= Goat Hall Productions =

Opera and theatre company (1997–present) in San Francisco, California, U.S.

Goat Hall Productions (GHP) is an opera company and musical theatre company based in Potrero Hill in San Francisco, California, United States. Presenting programs under the names San Francisco Cabaret Opera, Fresh Voices Festival of New Works, and The Kurt Weill Project, it was co-founded in 1997 by Harriet March Page and Dave Hurlbert, and is dedicated to the performance of opera and song, with a special interest in contemporary music.

They have presented works by Henry Purcell, John Pepusch, W.A. Mozart, Franz Schubert, Robert Schumann, Johann Strauss II, Gustav Mahler, Ralph Vaughan Williams, Igor Stravinsky, Francis Poulenc, Kurt Weill, Gian Carlo Menotti, Benjamin Britten, Leonard Bernstein, Stephen Sondheim, and living composers—particularly those of the San Francisco Bay Area.

== History ==
Goat Hall was founded in the venue of that name, located at 400 Missouri Street in San Francisco's Potrero Hill district—the former home of the Pickle Family Circus.
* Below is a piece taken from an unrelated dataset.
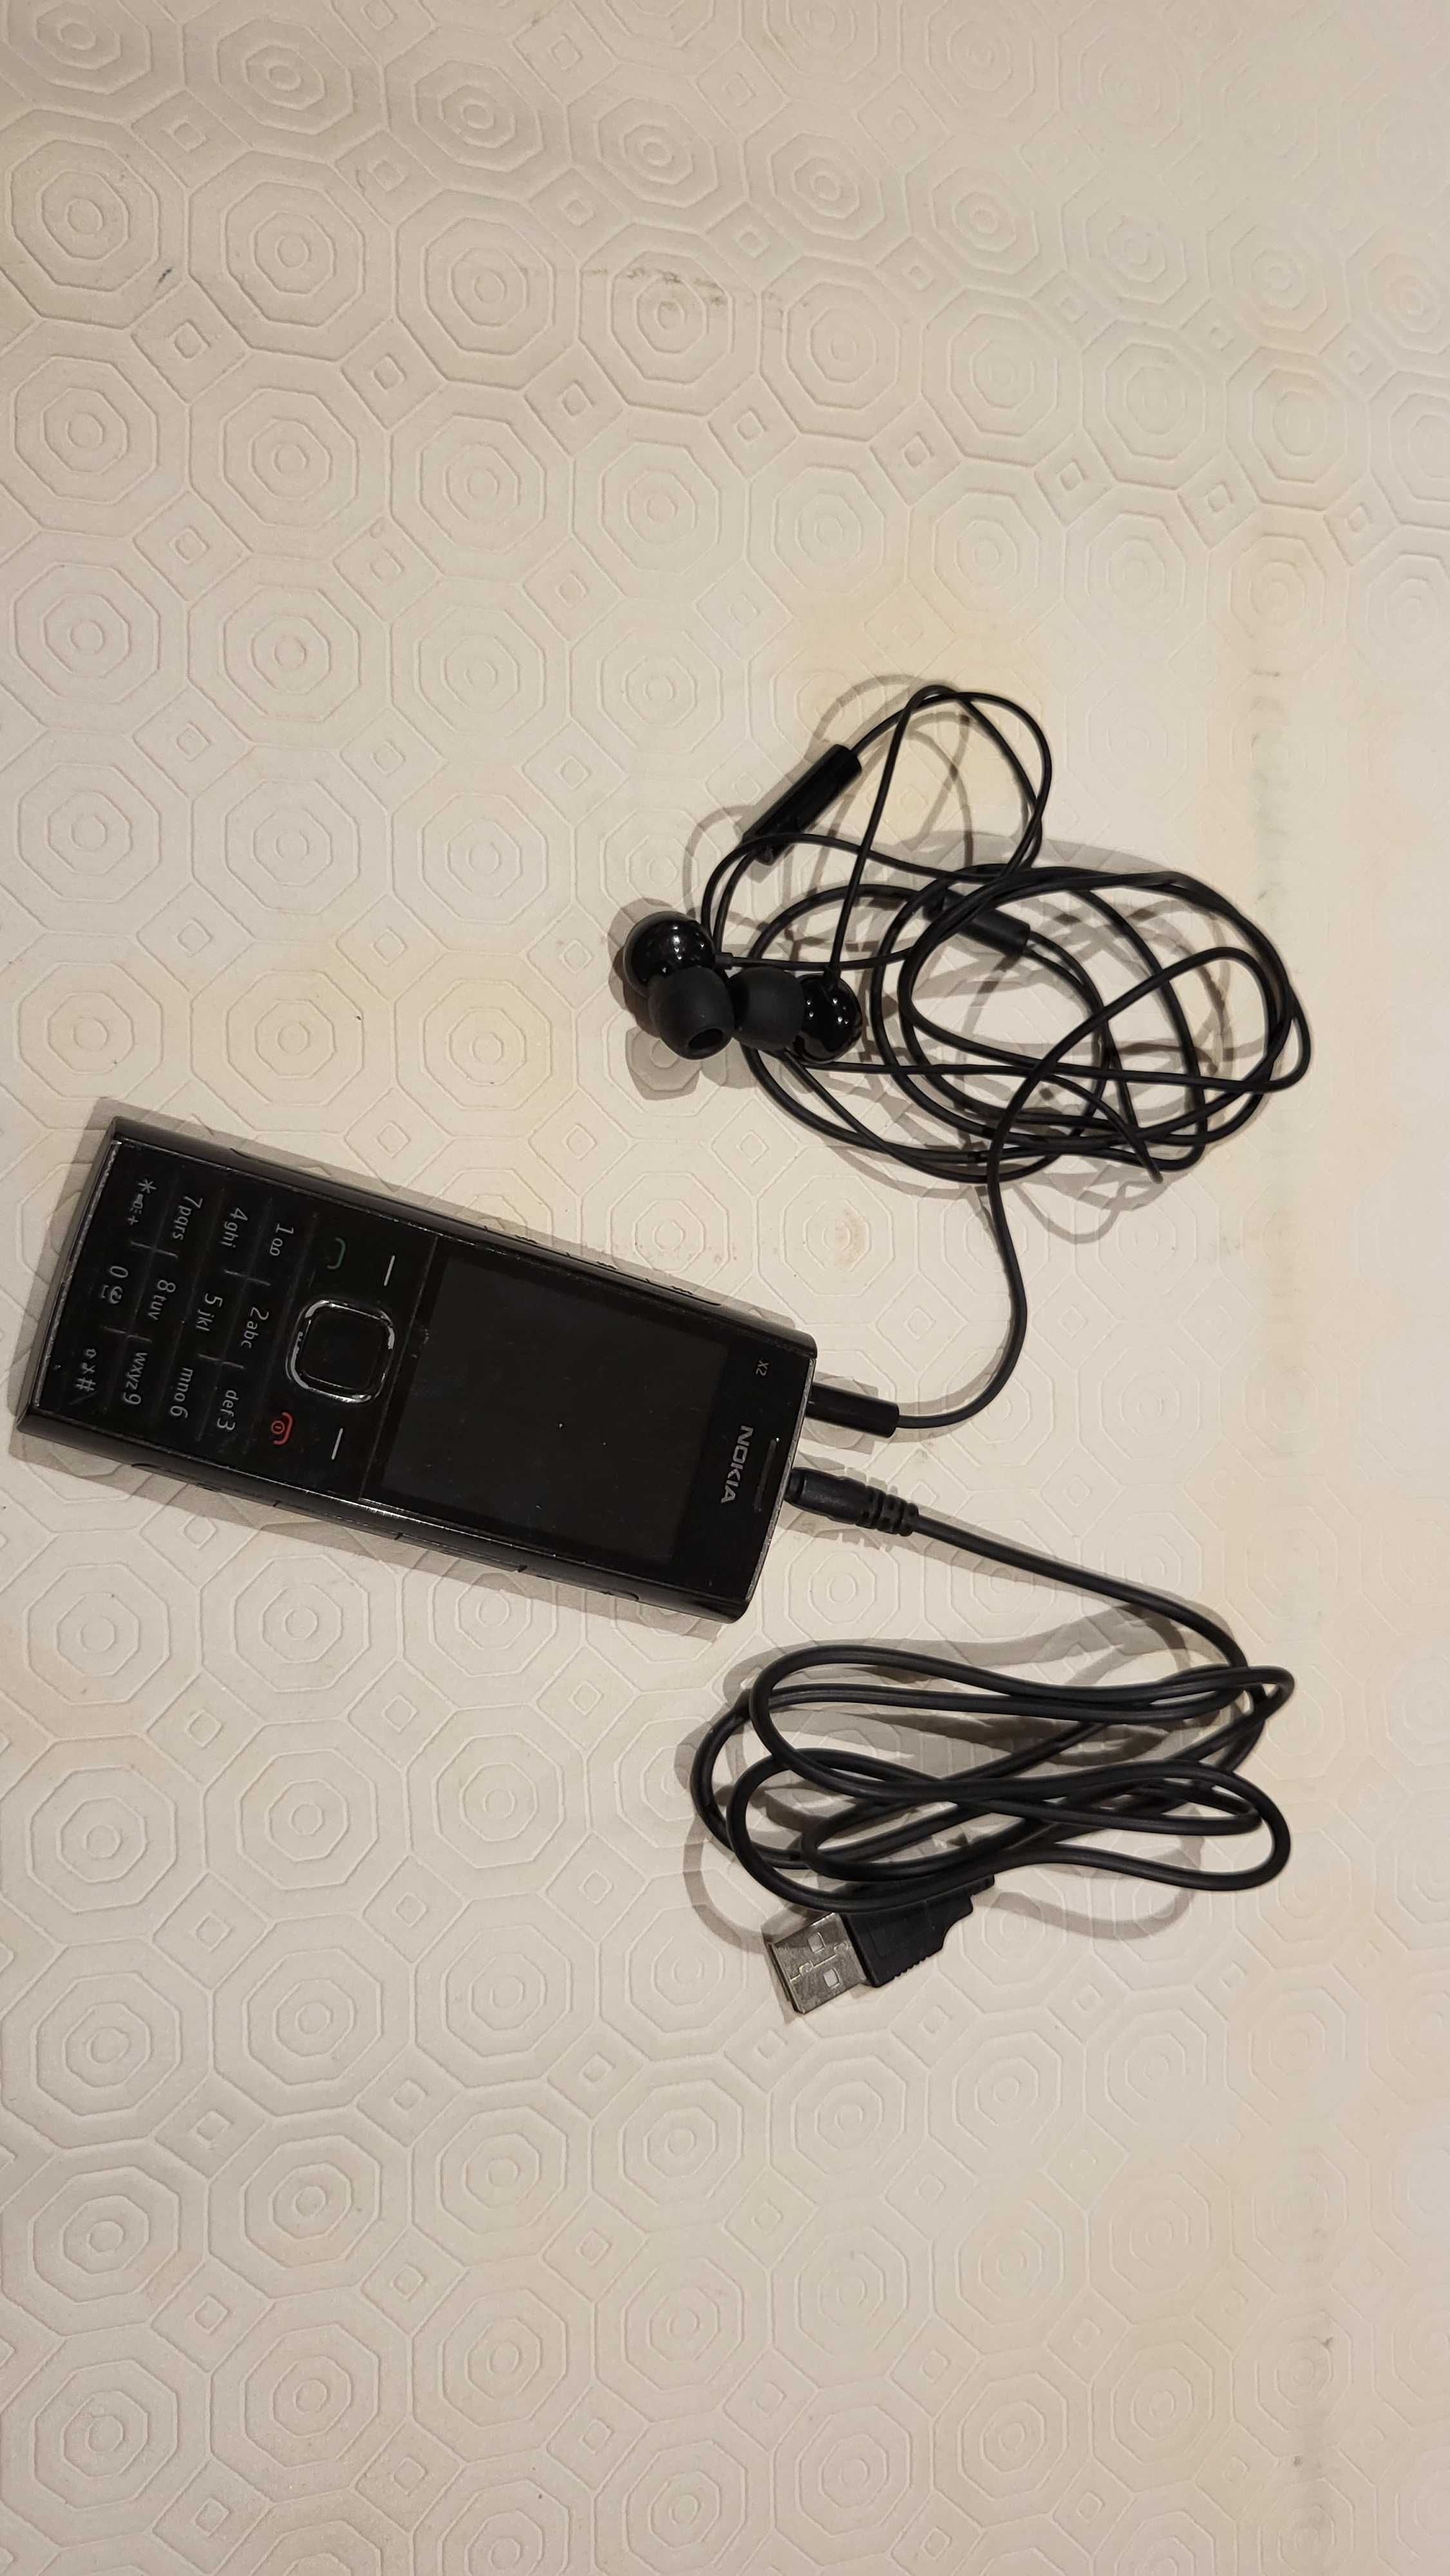 Nokia X2 com auricular e cabo carregamento

The group has presented world, U.S., and San Francisco premieres of works including those of Mark Alburger, Greg Bartholomew, John G. Bilotta, Daniel Felsenfeld, Steven Clark, Alden Jenks, Veronika Krausas, Lisa Scola Prosek, Mona Lyn Reese, Mary Watkins, and Cynthia Weyuker. Since 2001, GHP has also presented productions elsewhere in San Francisco (including Community Music Center, EXIT Theatre, Old First Church, Potrero Hill Neighborhood House, and Thick House), as well as Berkeley (Julia Morgan Chamber Arts House, and Live Oak Theatre), Oakland (Chapel of the Chimes and Oakland Metro Opera), and San Rafael (Dominican University of California).

The organization's Artistic Director and Founder is Harriet March Page. Mark Alburger is Music Director. Guest artists have included Janis Martin (soprano) and Erling Wold, the latter on a collaborative program with San Francisco Composers Chamber Orchestra.

GHP has been covered by Berkeley Daily Planet, East Bay Express, San Francisco Bay Guardian, and San Francisco Chronicle.

Goat Hall has received support from the Ann and Gordon Getty Foundation, William and Flora Hewlett Foundation, Marra Foundation, Meet the Composer, MetLife Foundation, Theatre Bay Area CASH Grants, and the Zellerbach Family Foundation.

With its annual Fresh Voices programs, Goat Hall Productions is at the forefront of presenting new operas and songs in the San Francisco Bay Area, having showcased more than 120 new works in the last decade.